India’s main anti-smuggling intelligence agency Directorate of Revenue Intelligence (DRI) has been dragged to court by exporters. Exporters have filed Various writ petitions in Gujarat High Court, Punjab High Court, Bombay High Court and Madras High Court against wrongful availment of Goods and Services Tax (GST) exemptions. However, some of the courts have decided to hear the exporters’ plea and in some cases the notices’ have been put on hold. As per Tax Experts, this could be a temporary relief for several exporters’. Notices are issued by DRI to exporters who have wrongfully availed GST exemptions, in case where exports preceded imports.
The exporters were asked to pay IGST first as the Foreign Trade Policy (FTP) has been amended and several notifications were issued in the last few months. The rate of IGST in these cases is 18% on the average, while for some products it is 12% and 5% for very few. According to the Industrial trackers, there was no duty on imported raw materials which were used for exports, even when exports preceded imports.

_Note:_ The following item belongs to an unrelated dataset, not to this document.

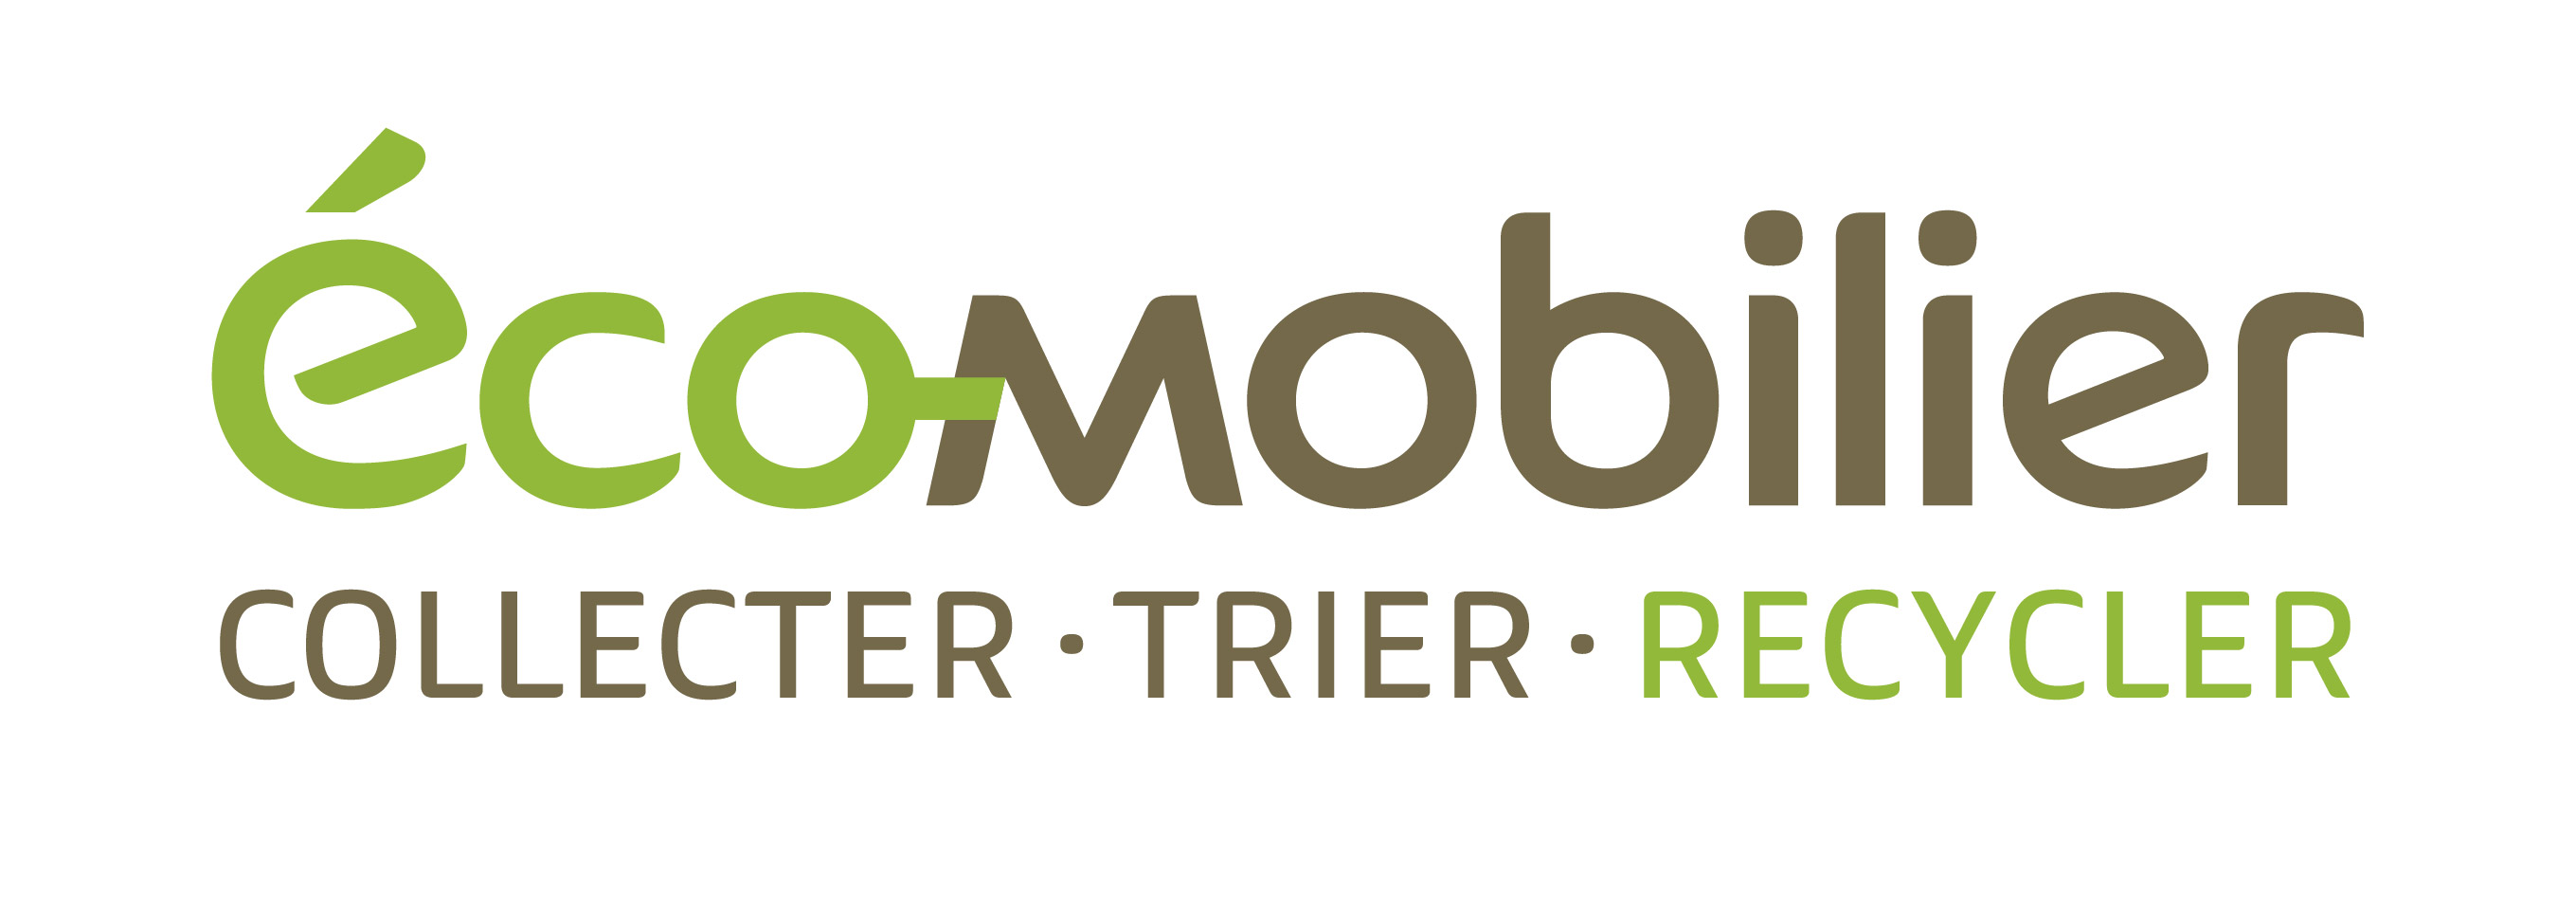 eco-mobilier_logo-signature_rvb.jpg

The current GST framework introduced by government has laid down certain conditions for exporters to avail certain benefits. As per the Revenue Department notification, raw materials cannot be imported after export of the final product. The amendment is regarding a “pre-import condition” that every exporter needs to follow to avail duty exemptions on imports. Cases where exports preceded imports, availment of exemption does not seems legal and proper.
Abhishek A Rastogi, partner at Khaitan & Co. responded on the matter that “the objective of providing the working capital benefits to the Indian exporters gets defeated by the rule which goes beyond the statute. Applicability of interest would result in a great setback to the Indian exporters and the need for judicial intervention is must.”